I was thinking that you could do something like a noise gate, and find the frequency(or hertz or whatever) that the thing you want to take out occurs and take it out. Of course it'd be possible to lose other parts in that process. Or you could do something like push it enough into the background and flesh out the part you want so that it's all you hear. But I don't know much about this stuff.

nope most people use the entire chop, or have a live band cover it

Live band eh? Does anyone know if there's a way to find the notes to a song then? Without sheet music or doing it by ear, like by using technology.
 
Not directly to the poster of this topic. But can we have a sticky about this. People Ask this every week.
 
Dr. Dre has made a career outta having musicians just replay a dam sample exactly how it's heard on the record, but with elements removed and separated. When you listen to songs like Lil Ghetto Boy, It's Funky Enough, Firm Fiasco and California Love remix it's an example of how to get better separation out of a sample, by taking out a part you don't want and just having each instrument replayed and re-composed. Just listen to Foster Sylver's Misdemeanor, it's a good example.
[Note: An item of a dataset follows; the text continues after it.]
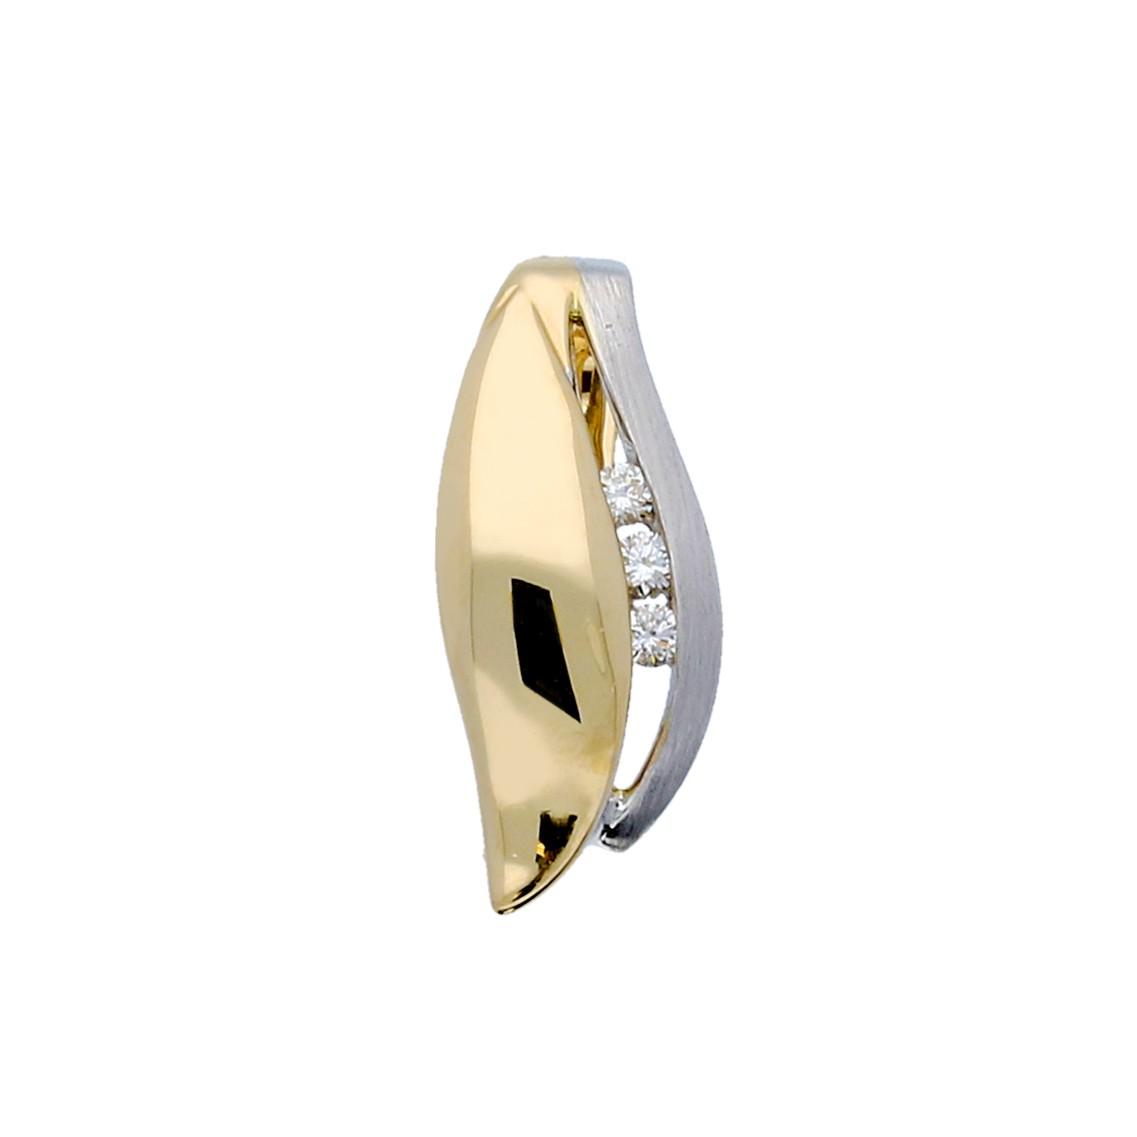 Glow Gouden Hanger - Mat Glanzend 3 Diamant 0.05ct Gh/si3 220.5252.00
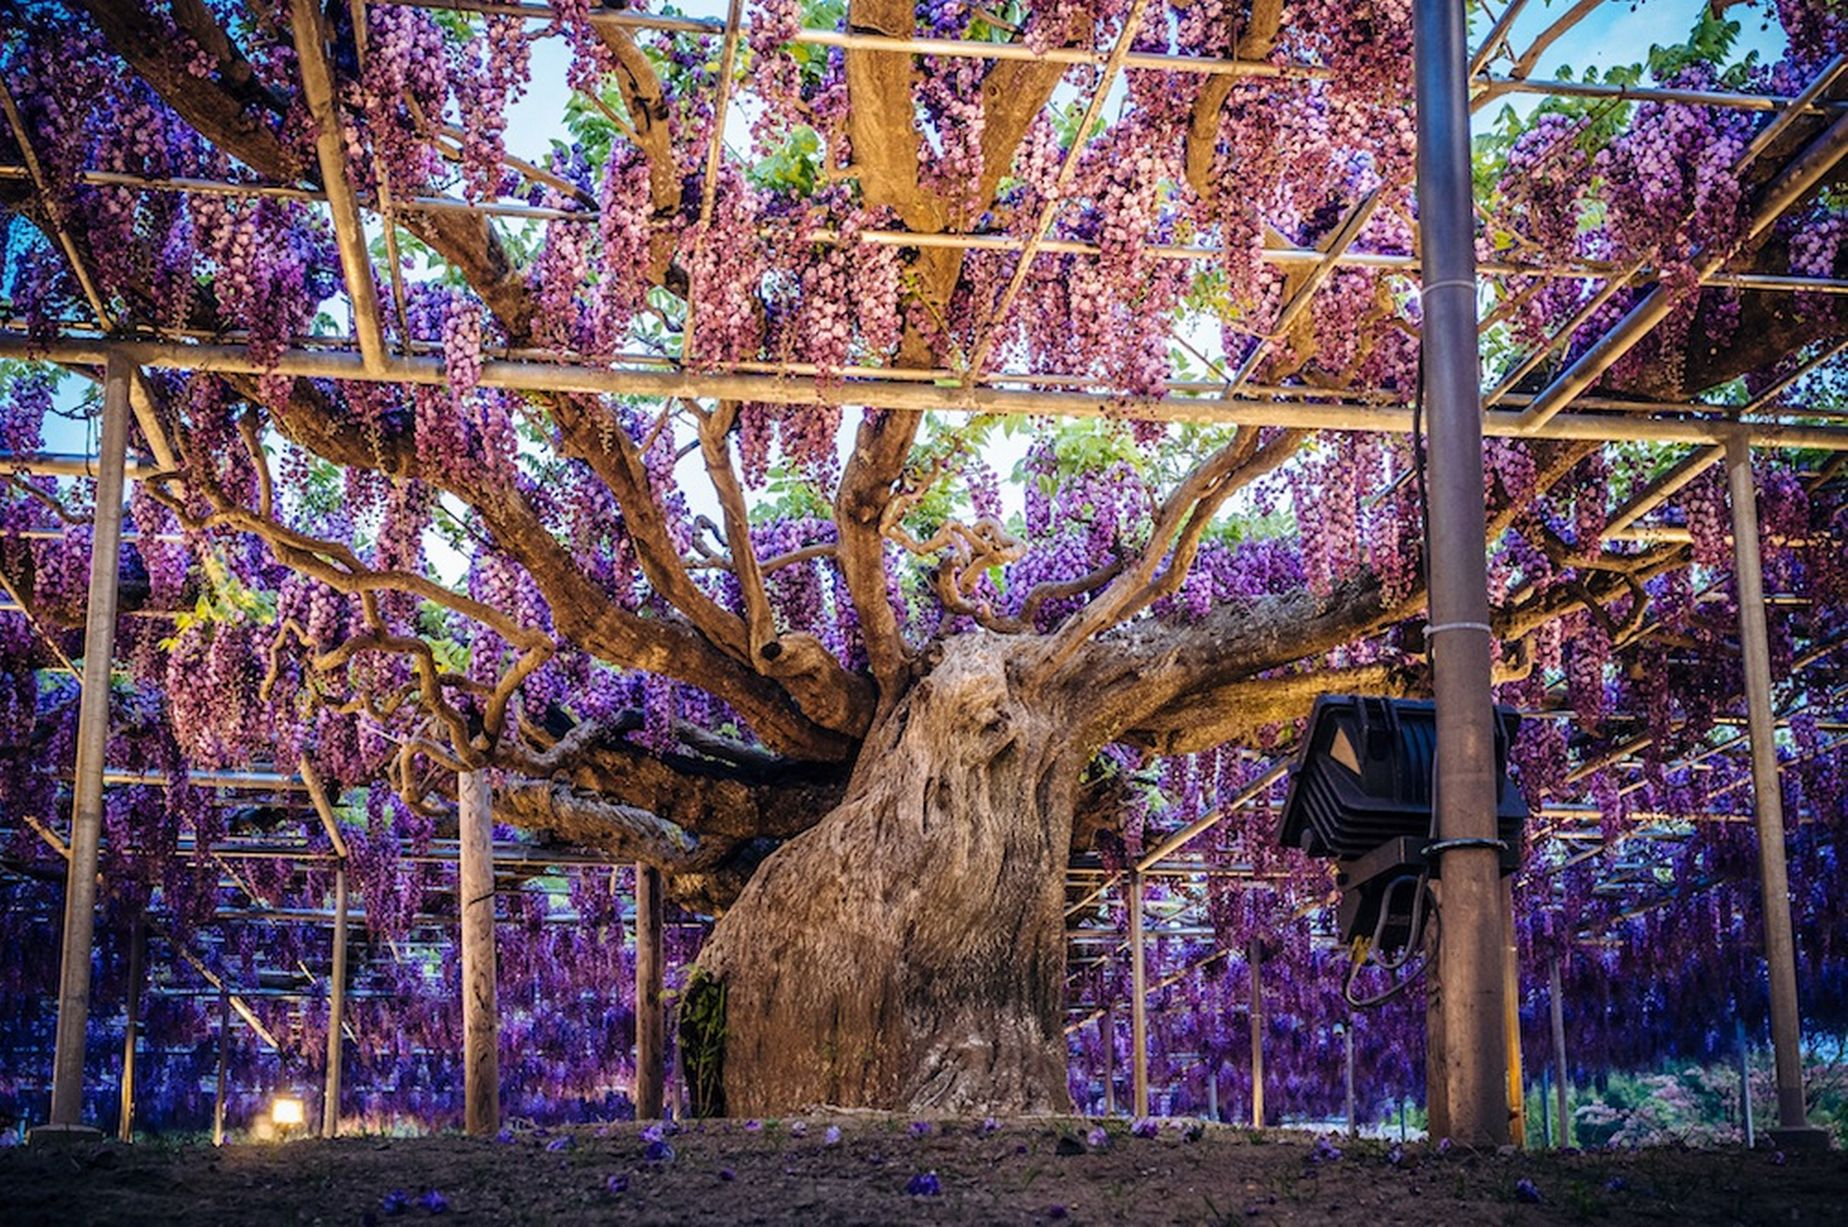 Indahnya Bunga Wisteria di Taman Bunga Ashikaga image

I heard Hank Shocklee speak in an interview about the sound design capabilities of DAWs today, he explained that you can re-create almost anything as long as you understand the aspects of how the original sample was recorded. If you go into the virtual instruments and plug ins, many of the instruments and effects are there as software emulations for you to use such as Moog and Rhodes keyboards. It depends on the ear behind the software and music to re-create the sample accurately enough.
 
Dr. Dre has made a career outta having musicians just replay a dam sample exactly how it's heard on the record, but with elements removed and separated. When you listen to songs like Lil Ghetto Boy, It's Funky Enough, Firm Fiasco and California Love remix it's an example of how to get better separation out of a sample, by taking out a part you don't want and just having each instrument replayed and re-composed. Just listen to Foster Sylver's Misdemeanor, it's a good example.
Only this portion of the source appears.